Ohio’s First District Court of Appeals Uses Innovative Technique in Lattimore v. K & A Market, Inc., 2016-Ohio-5295

August 11, 2016
Ohio’s First District Court of Appeals, which covers Cincinnati/Hamilton County, recently decided the case of Lattimore v. K & A Market, Inc., 2016-Ohio-5295. It was an appeal in a “slip-and-fall” case.

Essentially, the Plaintiff went into K & A Market (which I’m pretty sure is the corner store you see when you come downtown on West Clifton and continue straight onto Vine), tripped on a “rise at the edge of a handicap
ramp” and fell. As soon as she went in, she became fixated on a “snack rack” (I love the word choice by the Court of Appeals) and turned towards it without paying enough attention to see the rise at the edge of the handicap ramp. The opinion states: “Ms. Lattimore says she was ‘barely in the front door’ when she became so distracted by a bright display of potato chips and other snacks that she was oblivious to the rise on the floor.” She must have been hungry.

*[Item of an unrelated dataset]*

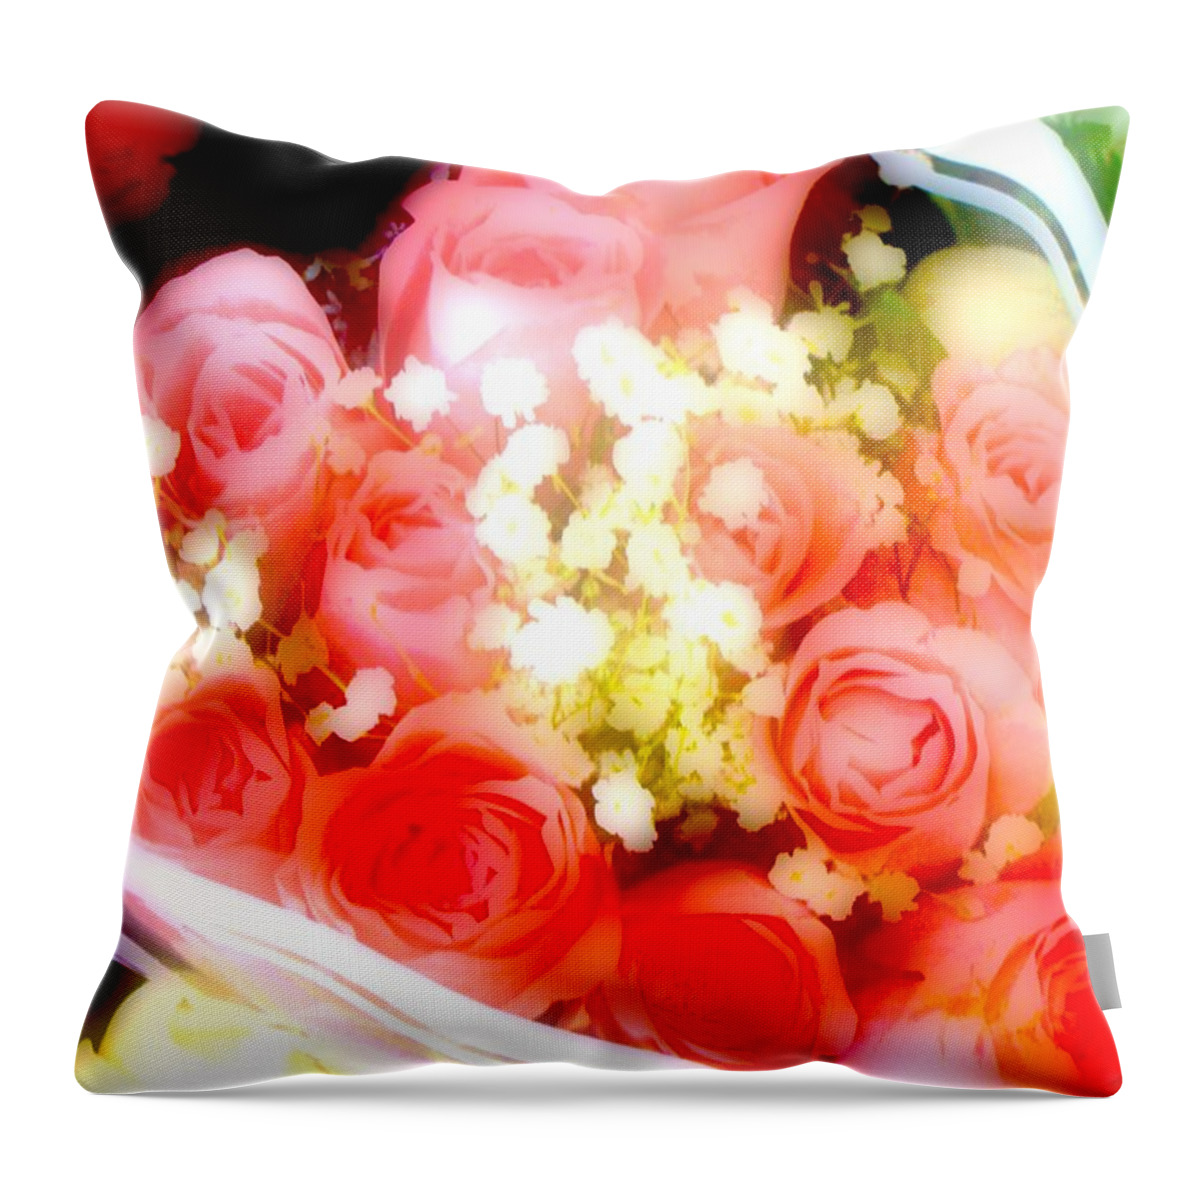 Roses Throw Pillow featuring the photograph Roses Are Red by Ira Shander

This picture was worth a thousand words, and more than a
thousand dollars too, seeing as how it helped K&A Market get
summary judgment in a “slip-and-fall” case.

The Court of Appeals ruled that the rise at the edge of the handicap ramp was an “open and obvious” risk. In Ohio, the “open and obvious doctrine” is very strong, and summary judgment is often granted to the defendant in slip-and-fall cases for that reason. The First District’s decision was straightforward and not at all unexpected. What was unique was the use of a color picture in the opinion. The opinion states “This is a
case where a picture is truly worth
a thousand words,” and then includes a color picture showing the handicap ramp. This makes sense and is highly effective. I have never seen a Court of Appeals do this before. The First District has proven to be a very modern Court of Appeals, even citing to wikipedia in the case of Definite Solutions Company vs. Sliper, et al.

The Lattimore case may be cited for years to come, especially in Hamilton County. However, the way in which it is cited will be interesting to see. Future defendants seeking summary judgment may include a copy of the picture in their motions for summary judgment, perhaps alongside a picture of the establishment at issue in that case. Presumably the picture can be cited by the number of the paragraph in which it appears?

Judge DeWine wrote the opinion, with Judge Mock and Judge Cunningham concurring.